Попутчики менялись, но чаще других рядом с командующим оказывались Федосюткин и Мартынов. Заодно появлялась лишняя минутка, чтобы частности обсудить, без отрыва от бурной деятельности. А частности — это совсем не обязательно мелочи. Скажем, сорок пять тонн ГСМ — это внушительно. А ежели учесть, что до них всего-то полчаса пути, так и вовсе подарок судьбы. И не успеть толком воспользоваться им — идиотизм, если не преступление. Так что еще пару машин в деревню с красивым русским именем Лубянки направить просто необходимо.

…Годунов понятия не имел, насколько был прав, мысленно поименовав содержимое лубянских складов подарком. Тем паче, представить себе не мог, что одним только своим распоряжением аккумулировать горючее в Дмитровске внес дополнительные коррективы в историю.
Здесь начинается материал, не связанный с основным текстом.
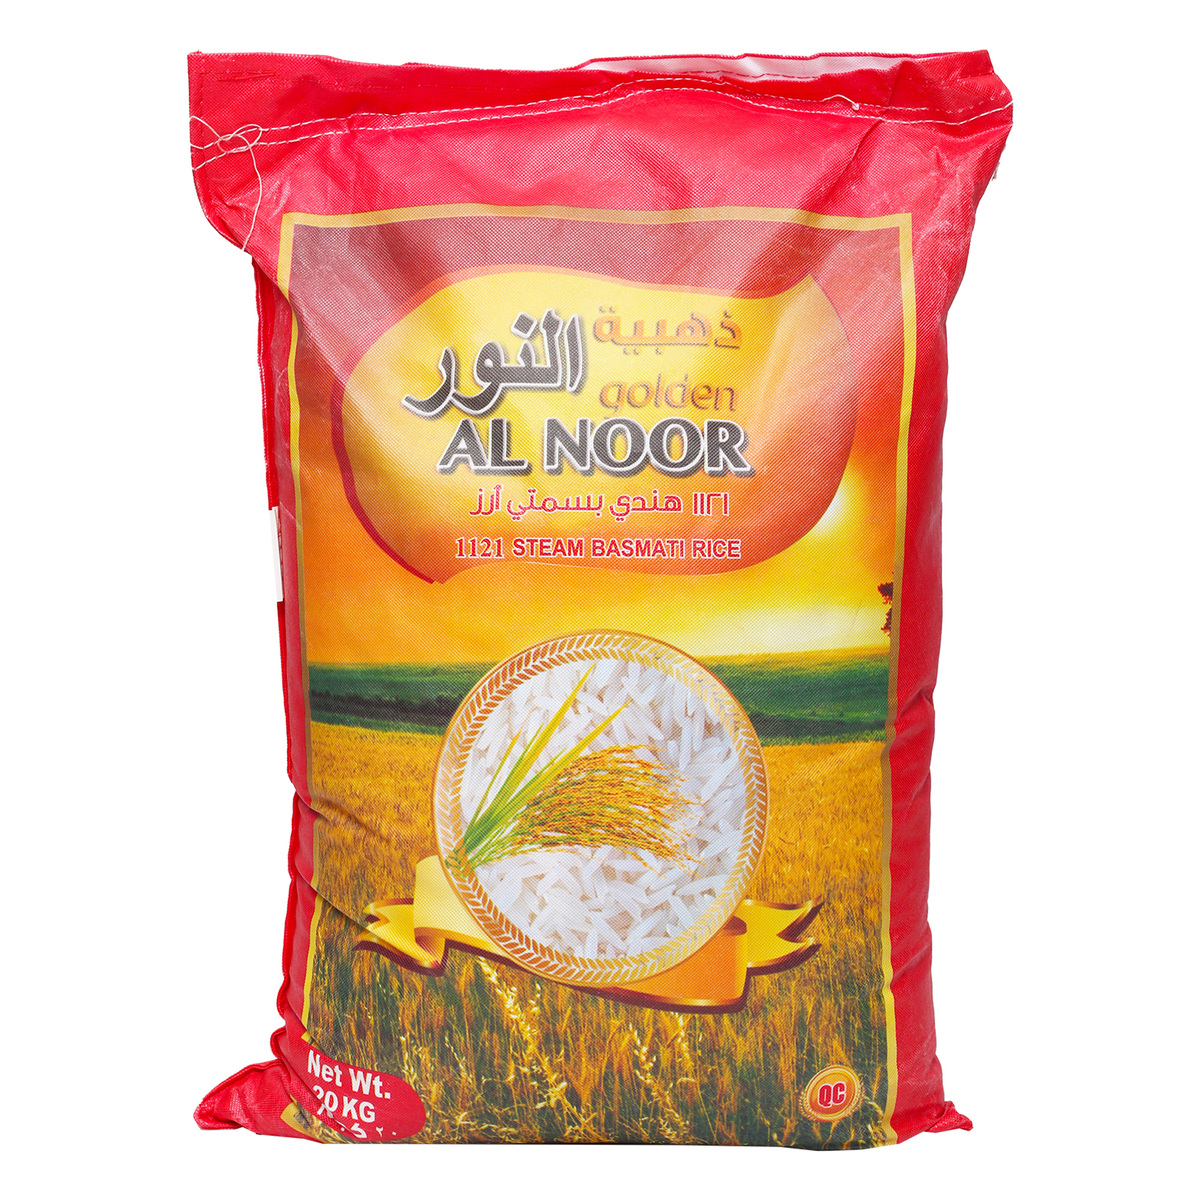 Al Noor Golden 1121 Steam Basmati Rice 20 kg

Никаких хитрых взаимосвязей, никакого эпического, высокого эффекта бабочки; все просто, приземленно — эффект гусеницы, которой вместо ветки с сочными листьями подсунули сухую. Ибо в прежней истории "быстроходный Хайнц" был настолько стремителен и пока еще непуганно нахален, что оставил тылы далеко позади и в город вошел с почти опустошенными баками. Час-другой — вроде, пустяк, да не тогда, когда счет идет на эти самые часы. А тут — лубянская горючка, подарок если не царский, то уж княжеский — точно. На той дареной горючке и двинули к Орлу.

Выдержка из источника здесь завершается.